After 12-months of renovation work, the City of Culver City celebrated the opening of its new Project Homekey supportive housing project on Sepulveda Boulevard on Friday, September 29, 2023. This initiative marks a significant stride in the ongoing mission to combat homelessness, one person at a time.
Mayor Albert Vera expressed the profound significance of this achievement. “To our unhoused population, this is our way of building trust again, reconnecting with our unhoused individuals who, for various reasons, felt let down by the system,” he said. “Bringing them here, demonstrating our love and compassion, and providing the services they need is unquestionably a step in the right direction.”
Two repurposed and adjacent motels have been transformed into havens, offering a total of 73 new units of interim and permanent supportive housing. Each room is thoughtfully adorned to provide a welcoming atmosphere, with a strong focus on accessibility and comfort. The first residents are expected to move in during October.
Project Homekey’s innovative approach integrates housing and social services. Exodus Recovery will oversee operations at the locations, ensuring essential services such as meals, laundry, and on-site security. Residents will also have access to vital social services, including an on-site case manager and 24/7 health monitoring, along with mental health clinicians.
Arames White-Shearin, Assistant to the City Manager on Homelessness, emphasized the importance of case management, saying, “[Case management is] really important for this vulnerable population. This allows them to reinvent themselves, find safety, and grow into the person they’re meant to become.”
The successful execution of Project Homekey was made possible through the support of local and state lawmakers. The State of California provided a substantial $26.6 million grant. California Assemblymember Isaac G. Bryan, representing the 55th District, hailed the collaborative effort. “This is government at its best. When all levels of government work together in solidarity, we can bring millions of dollars back to Culver City to house our fellow citizens and continue pushing this effort forward.”
Bryan also praised Culver City’s innovative spirit. “That’s solving this problem. That’s leading. That’s when a city of 40,000 serves as a model for the entire county. I love the innovation that is happening in Culver City.”

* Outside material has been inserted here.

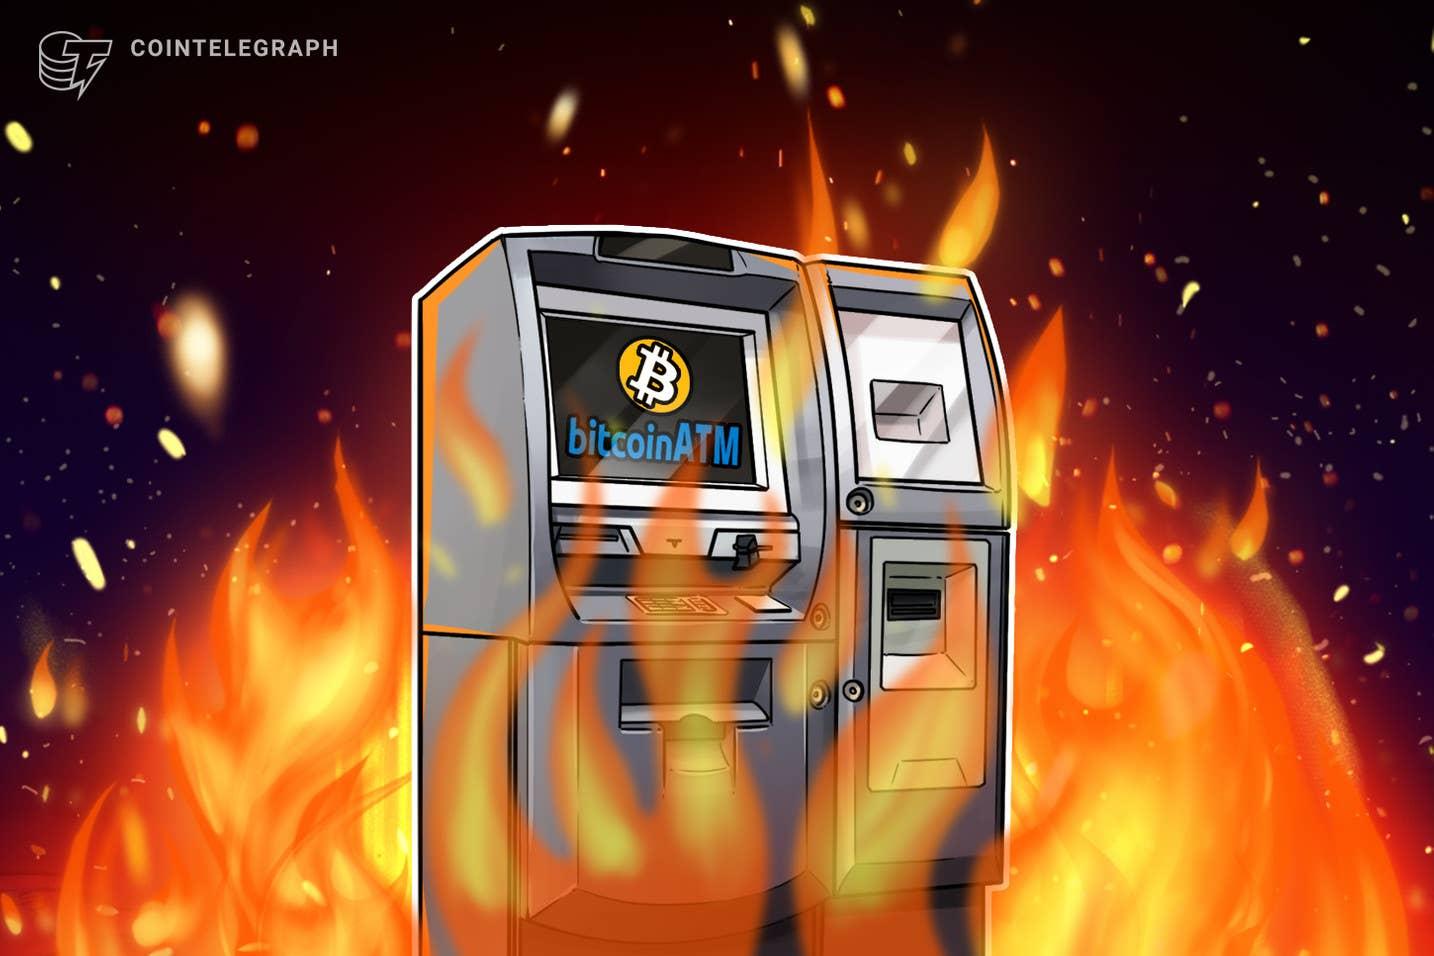 Manifestantes queimam ATM Bitcoin como parte da manifestação contra o presidente de El Salvador

Los Angeles County Supervisor Holly J. Mitchell underlined the importance of this multi-level government partnership, emphasizing, “Our focus is to house our family, friends, and neighbors who have been unhoused for far too long, and this partnership reflects that commitment.”
“What is critical in supporting our family friends and neighbors who’ve experienced homelessness are the services to support them and to keep them housed.”
Project Homekey adds to the array of services Culver City provides for its residents in need, including a Safe Sleep program (also known as safe camping), outreach services, Motel Master Leading initiatives which provide rooms in local motels for unhoused individuals, and the City’s Mobile Crisis Team, which sends unarmed staff to respond for people in mental health crisis. Culver City remains steadfast in its commitment to uplifting its unhoused neighbors.
Mayor Albert Vera acknowledged that this is just the beginning of a long process and urged patience from the community. He expressed confidence in the management of Exodus and the City’s operational oversight, assuring that this endeavor will yield positive results.
Christina Stoffers, a Management Analyst with the City of Culver City, who grew up locally, shared her excitement, “It’s incredibly moving. Culver City is very dear to my heart, and I’ve seen the city evolve and change. It’s incredible that the city is prioritizing a project like this to address its most vulnerable population. I’m ecstatic for whoever gets placed in any of the units and look forward to seeing how this evolves. I hope to see more initiatives like this because it’s one of the best approaches to solving homelessness.”
Project Homekey’s opening represents a beacon of hope for the unhoused population in Culver City, showcasing the power of collaboration, compassion, and innovation in addressing one of society’s most pressing challenges.
About Culver City
Culver City is a five-square-mile, urban community of 40,779 residents surrounded mostly by the City of Los Angeles but also shares a border with unincorporated areas of Los Angeles County. It is centrally located on the Westside near Santa Monica, Beverly Hills, and Los Angeles International Airport. Culver City is particularly known for its well-run public school system, “small town” charm, growing high-tech and creative economies, and a dynamic downtown that is regionally known as a destination for restaurants, live theater, and art galleries.